Based on this typical clinical picture, the diagnosis of dyshidrotic pemphigoid, a localized form of bullous pemphigoid, was made.

Therapy: Under systemic treatment with prednisolone, 40 mg/day, the skin healed completely within 2 weeks. Nothing is known about later recurrences.

1. Braun B et al. (2002) Bullous pemphigoid first manifestation under the picture of dyshidrosiform hand and foot eczema and prurigo nodularis Hautarzt 53:739-743.
2. Chessa MA et al. (2020) Multiple itchy blisters and painful erosions on the hands. J Dtsch Dermatol Ges 18: 634-637.
3. Cohen PR (2021) Dyshidrosiform bullous pemphigoid. Medicina (Kaunas) 57:398.

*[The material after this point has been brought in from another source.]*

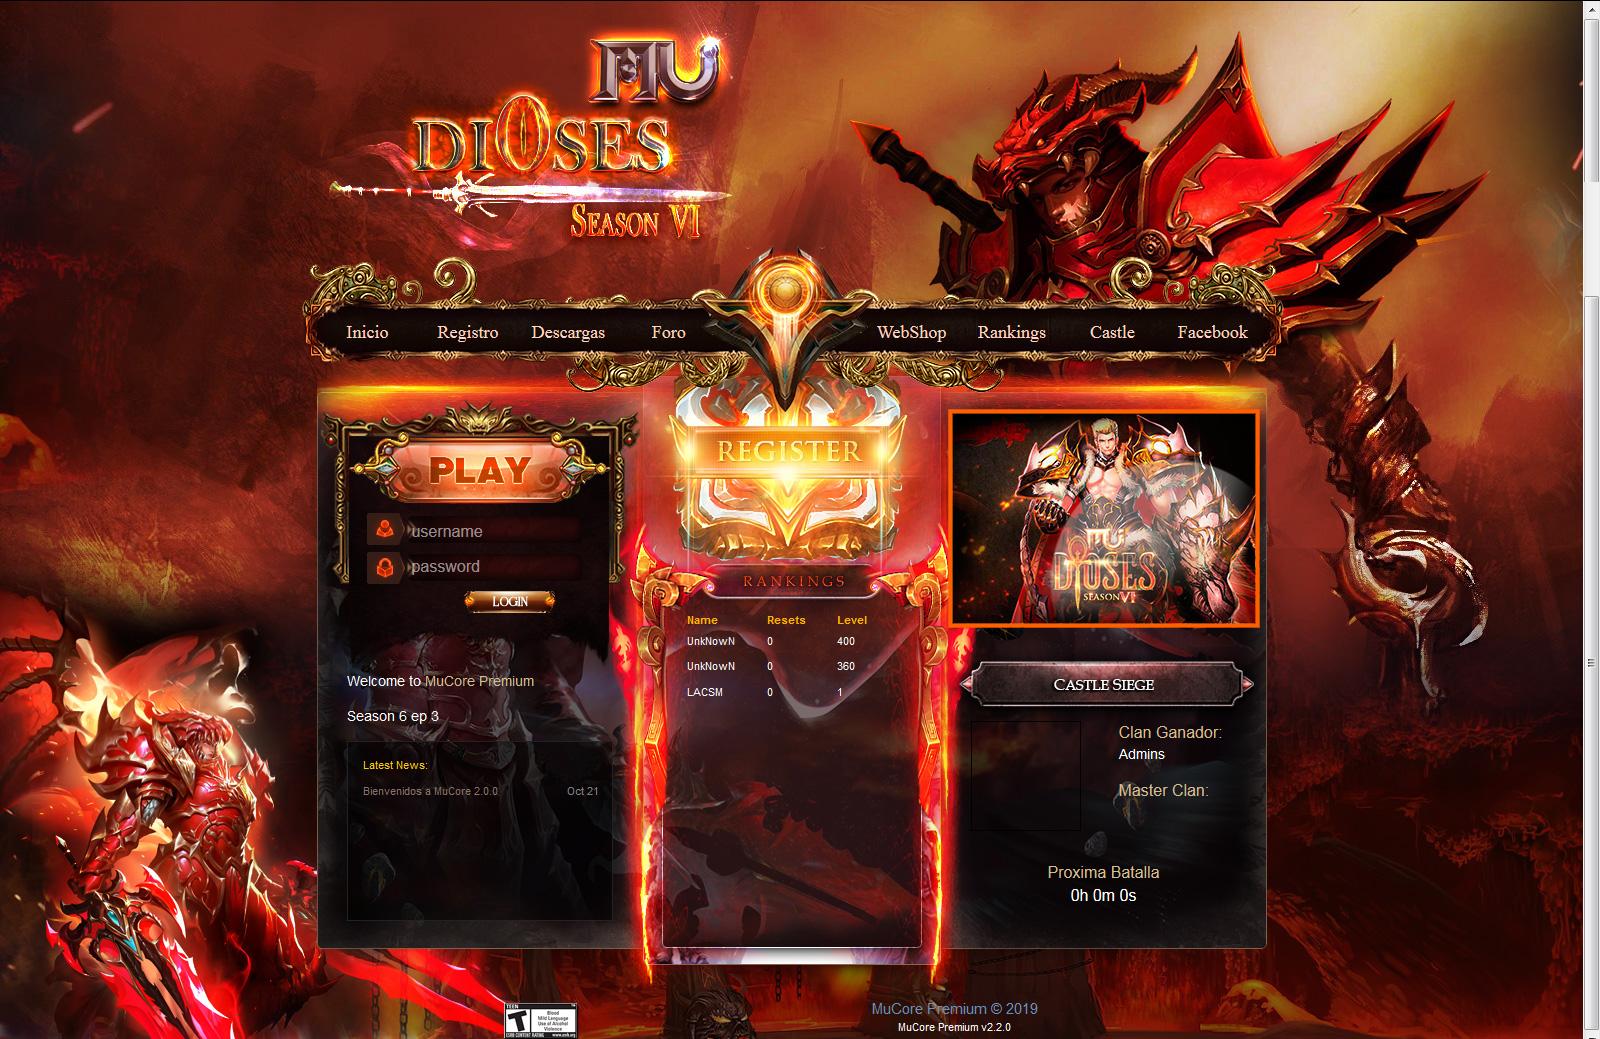 Template Mu Core 2.2 [ Aion By Fantoma & MuGods ] Web para Mu Online pirata Atualizado MuCore 2.2 - Como criar servidor de mu online Season 14 - Participe do discord Galera MU.!

4. Dayal S et al. (2017) Dyshidrosiform pemphigoid localized on the hands in a child: a rare occurrence. An Bras Dermatol 92:714-716.
5. Forschner A et al. (2005) Localized pemphigoid on the soles of both feet. Int J Dermatol 44:312-314.
6. Nellore A et al. (2023) Bullous Pemphigoid Limited to the Hands and Feet: A Rare Case of an Infantile Disease Pattern Seen in an Elderly Patient. Cureus 15:e38853.